Signal level and pattern analysis of differentially expressed genes. (A) Reverse Northern blot analysis and classification of differentially expressed genes by DAzLE. Two micrograms of DNA of each clone was dot-blotted onto a nylon membrane and probed with [32P]cDNA synthesized from mRNA samples of KCl, KCl plus l-NAME, or l-NAME-treated rat cortical neurons. Clones (469 of 980) identified from primary screening are confirmed to show differential expression by reverse Northern blot analysis. These experiments were performed twice under the same conditions. (B) Quantitative changes in gene expression of 469 clones (KCl stimulation of rat cortical neurons). The relative expression level of these genes was normalized by the average value of 14 clones including GAPDH, which exhibit stable expression under KCl treatment at different time points. The average value of levels of unstimulated and N-Arg treatment at 6 h and 24 h were also used as controls.
Fig. 3.
Gene expression pattern analysis. Five gene expression patterns were identified after a time course analysis of the KCl-induced genes. Pattern 4 represents the majority of the gene group (64.2%). The expression level of this group peaks at 6 h after KCl induction and is sustained for 24 h. The percentages of genes in the other four expression patterns are as follows: pattern 1, 6.2%; pattern 2, 2.8%; pattern 3, 2.1%; and pattern 5, 24.7%.

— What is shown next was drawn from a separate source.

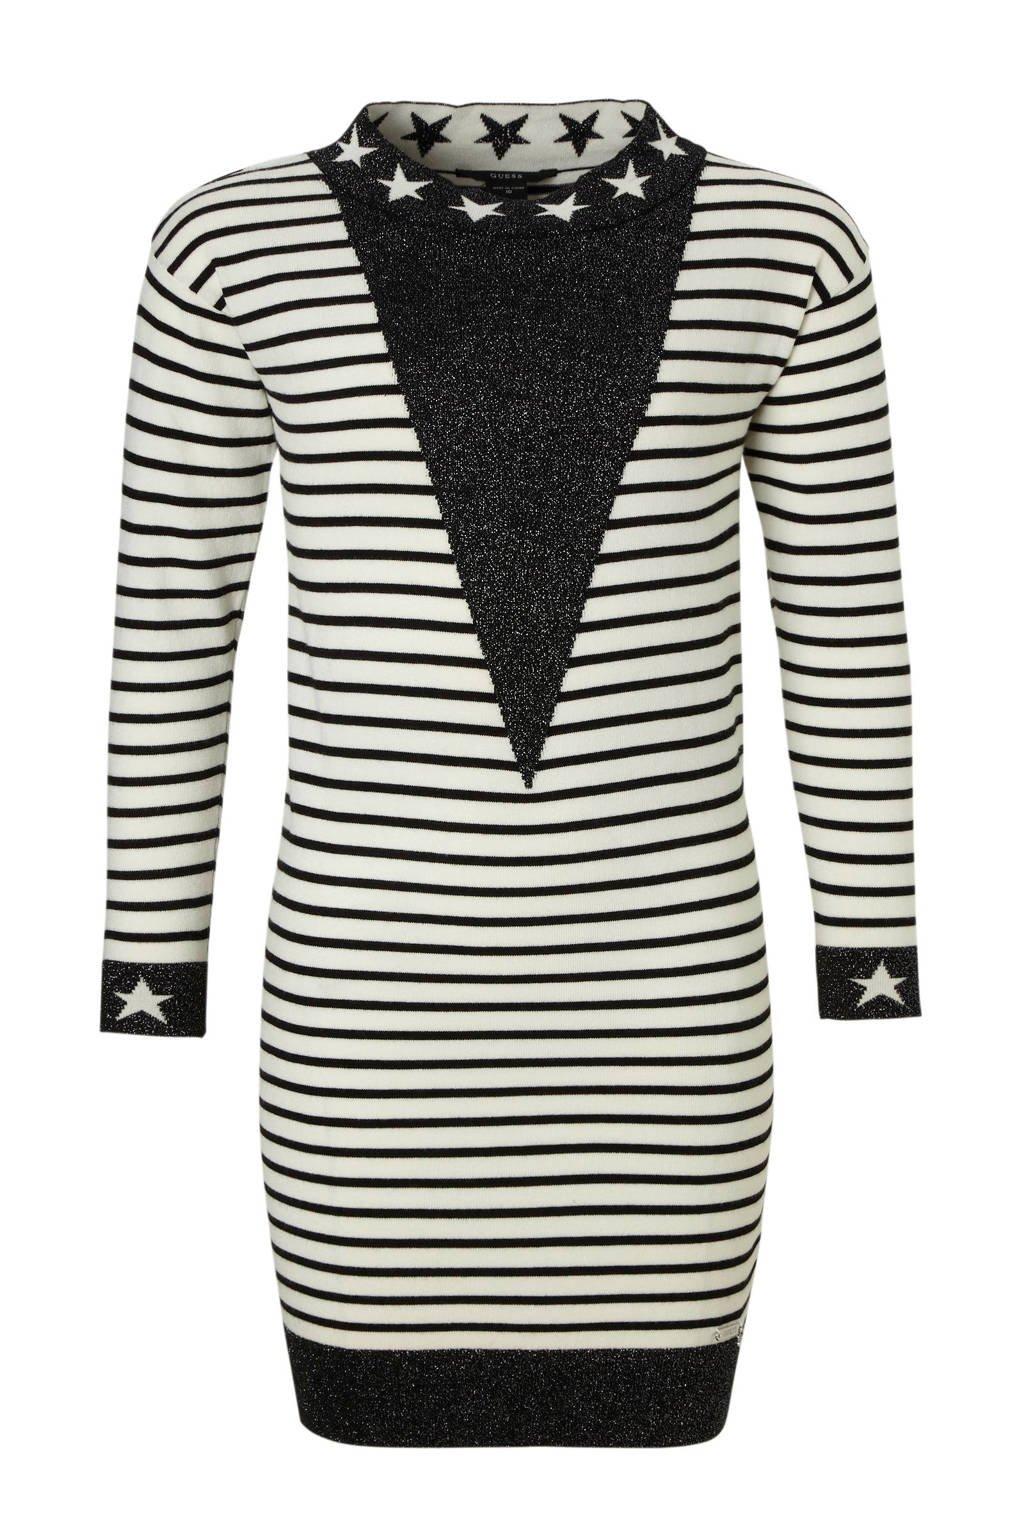 GUESS gebreide jurkmet glitters, zwart/ wit

Analysis of Differentially Expressed Genes in Cortical Neurons. We subjected the calcium-induced genes to further analysis by identifying a subset of genes that are regulated by NO. Primary rat cortical neurons were stimulated with KCl in the presence or absence of NOS inhibitors. Sixty-three genes are identified as NO-dependent based on a 25% or higher reduction in signal intensity after membrane depolarization in the presence of the NOS inhibitors l-NAME or N-Arg. Membrane depolarization-induced expression of 20 genes is blocked >50% by NOS inhibitors, and the remainders are blocked between 25% and 50% (see Table 1). NOS inhibitors regulate the expression of 39 genes at 24 h, and 28 of the genes are down-regulated in neuronal cultures from mice lacking the gene for neuronal NO synthase (Table 1). We subjected a subset of the NO-dependent genes to further analysis (Fig. 4) and find that the expression of these genes is blocked or significantly attenuated by l-NAME and N-Arg. Consistent with NO dependence, this blockade is reversed by l-arginine (l-Arg). Furthermore, the NO donor NOR3 induces expression of all of the NO-dependent genes, and NOR3 depleted of NO has no effect. Supporting the notion that these are calcium–dependent genes is the observation that the voltage-sensitive calcium-channel blocker nifedipine prevents the upregulation of these genes by membrane depolarization (Fig. 4A).
Fig. 4.
Analysis of differentially expressed genes in cortical neurons. (A) Reverse Northern blot analysis of differentially expressed genes isolated by DAzLE. Differentially expressed genes were dot blotted onto nylon membranes and hybridized with [32P]cDNA samples of rat E17 cortical neurons. The neurons were treated with KCl (50 mM), l-NAME (100 μM), KCl (50 mM) plus l-NAME (100 μM), KCl (50 μM) plus N-Arg (100 μM), KCl (50 mM) plus N-Arg (100 μM) plus l-Arg (10 mM), KCl (50 mM) plus nifedipine (5 μM), NOR3 (10 μM), or NOR3-NO– (10 μM), for 6 h. (B) Northern blot analysis of genes differentially expressed in KCl-induced cortical neurons. Northern blot analysis was performed on mRNA (5 μg) isolated from primary culture of rat E17 cortical neurons, which received the following treatments: (i) unstimulated, (ii) KCl (50 mM), (iii) KCl (50 mM) plus N-Arg (100 μM), and (iv) KCl (50 mM) plus nifedipine (5 μM). Control hybridizations were performed by using rat GAPDH cDNA.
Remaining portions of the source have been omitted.